More Than Thoughts & Prayers

More Than “Thoughts And Prayers”

So it’s floating around in the news that Mr. President Trump made some remarks about mental illness being a cause of the church massacre on Sunday. I apologize that I am getting into this political topic because I like to stay away from those types of things on this blog, but I can’t be silent when someone with that kind of prominence is making such claims.

So, the question shouldn’t be gun control, legislation, blah, blah, blah. Nor should mental illness be blamed for such heinous and outright intentional crimes. But the question should be, even if it is mental illness, what are we as a nation going to do about it? 

So, to help answer that question I invited my good friend, former healthcare administrator and fellow Word Weaver, Dr. John F. Baggett to guest post here on the topic.


 

When Thoughts and Prayers Are Not Enough

   Have you ever noticed the first response of most political leaders to disasters of all kinds. It is almost always to say their thoughts and prayers go out to the victims? We saw it on the news, again and again, after Hurricanes devastated Texas, Florida, and Puerto Rico. We heard it, as well, when fires ravaged California, after the Las Vegas mass murders and the Texas church massacre. Now, as a person of faith, I believe in praying for others, especially those who are hurting and in need of help and comfort. But, as a follower of Jesus, I know thoughts and prayers are not enough.
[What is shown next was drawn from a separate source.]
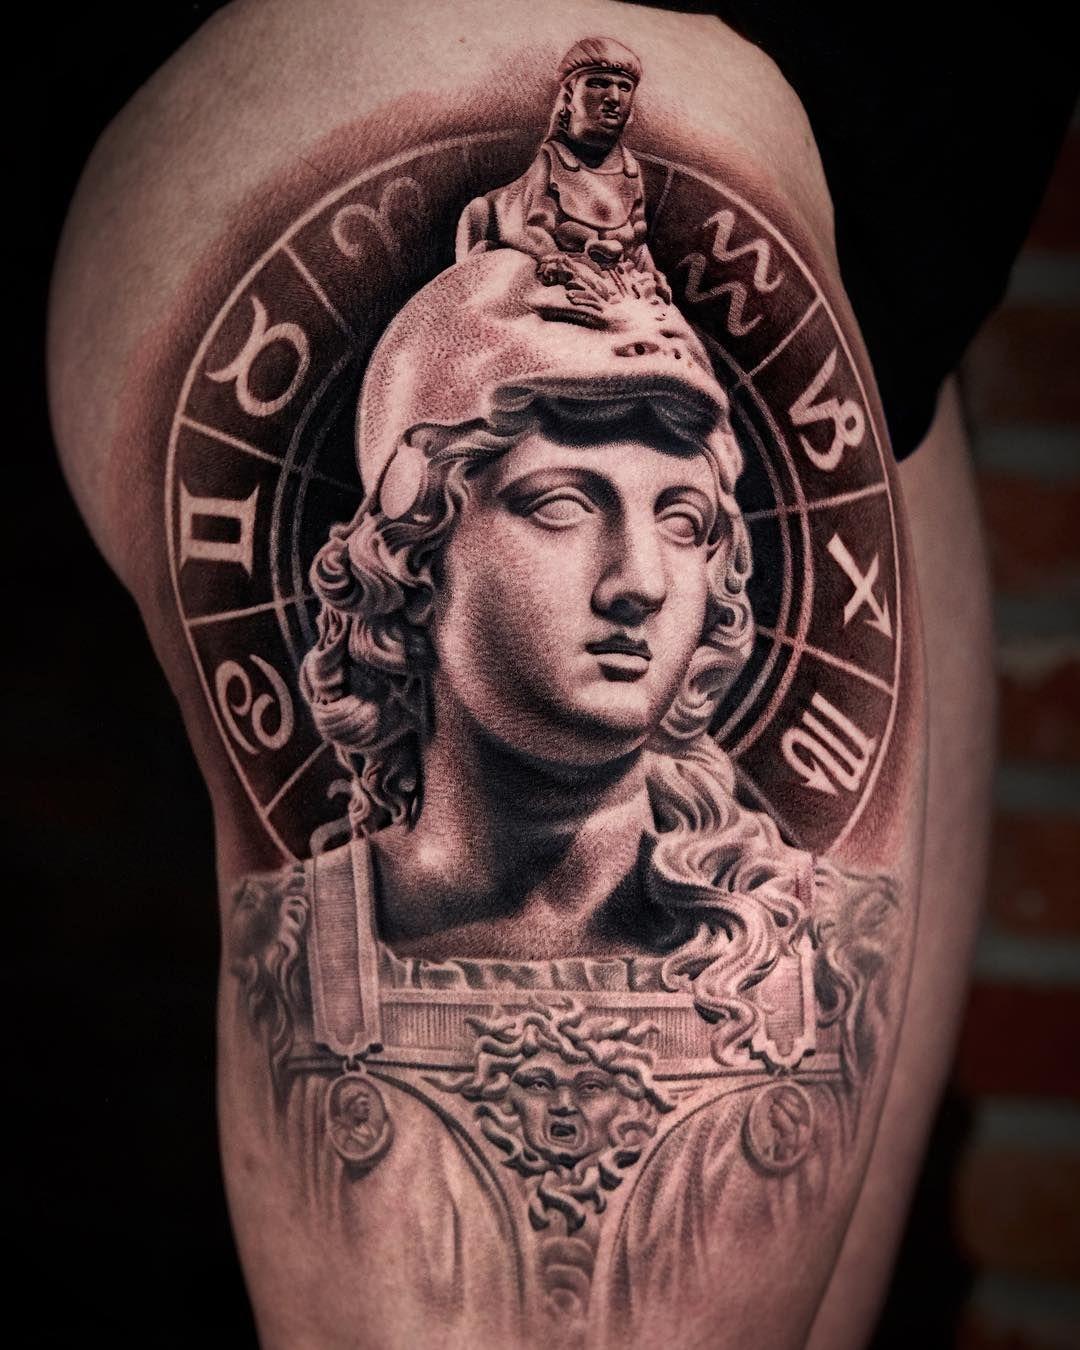 46+ Astonishing Greek statue tattoo artist image ideas

Jesus did not say “I was hungry and you sent me your thoughts and prayers. I was thirsty and you thought about me, and prayed for me.” He said, ” I was hungry and you gave me food. I was thirsty and you gave me drink.” (Matthew 25:35) Prayer that is not followed by action is, in my view, offensive to God. I think that is also a part of the message of James:

…If a brother or sister is poorly clothed and lacking in daily food, and one of you says to them, ‘Go in peace, be warmed and filled.’ without giving them the things needed for the body, what good is that?   (James 2:15-16)

The recent tragic massacre in Texas where a mentally ill person used a gun to kill and wound church members is a case in point. The politicians would have us believe that these mass murders are caused by either mental illness or guns, (but not by a combination) and since they don’t want to have the NRA oppose them in the next election they tend to blame mental illness. But do they really mean it? Or is it just a political dodge? The proof of their hypocrisy is revealed by their actions. Instead of increasing funding for mental health services, they send their “thoughts and prayers” to the victims. And instead of addressing the problem of the availability of guns designed to be used in combat, they call it a mental health problem, and again send their thoughts and prayers to the families of the victims.

We have a mental health crisis in this country. The rare but deadly incidence of mass shootings is just the visible tip of the iceberg. What is a family member, or even a good friend supposed to do if they suspect someone close to them is having a mental health crisis and is either suicidal or homicidal? Every day, desperate persons with mental illness, and their families, seek help from local mental health clinics and from Veteran’s health services, only to be refused treatment, or to be treated briefly and inadequately, and then sent home or out to the streets. Why does this happen? It is a complex problem, but the biggest reason is that mental health services are inadequately funded by Federal, state, and local governments and discriminated against by insurance companies. Because of the limitations on funding, providers are overwhelmed by mental health needs they cannot realistically meet. Not only are services inadequately funded, but research that could produce better pharmacological and psycho-social treatments are also underfunded.

The answer to the public crisis is, however, more than monetary. Our community based treatments tend to follow traditional outpatient and inpatient models when research has demonstrated more effective psycho-social models. One modality that would likely have an immediate impact on the risk of suicide and homicide, including mass murder, would be to have in every county of this nation, mobile interdisciplinary crisis intervention teams with the ability to respond to emergency requests to provide assessment, and both voluntary and involuntary treatment and support. In other words, some existing resources could be redirected from traditional treatment modes to a more effective model of responding to persons going through personal mental health crises.

In my view, we need to address both mental illness and the open access of guns for persons with histories of mental illness and/or domestic abuse. Can better mental health care make a difference? Absolutely! If we are willing to invest resources in mobile crisis intervention teams with the ability to provide both voluntary and involuntary treatment, at least some of these tragedies can be prevented. Can prohibiting “bump stocks” and increasing regulations that make it unlikely a mentally unstable person will be able to purchase a weapon make a difference? Of course it can. It’s time for followers of Jesus to do more than send thoughts and prayers. It’s time to send people to Congress or to state legislatures who have the political courage to do more than send their thoughts and prayers.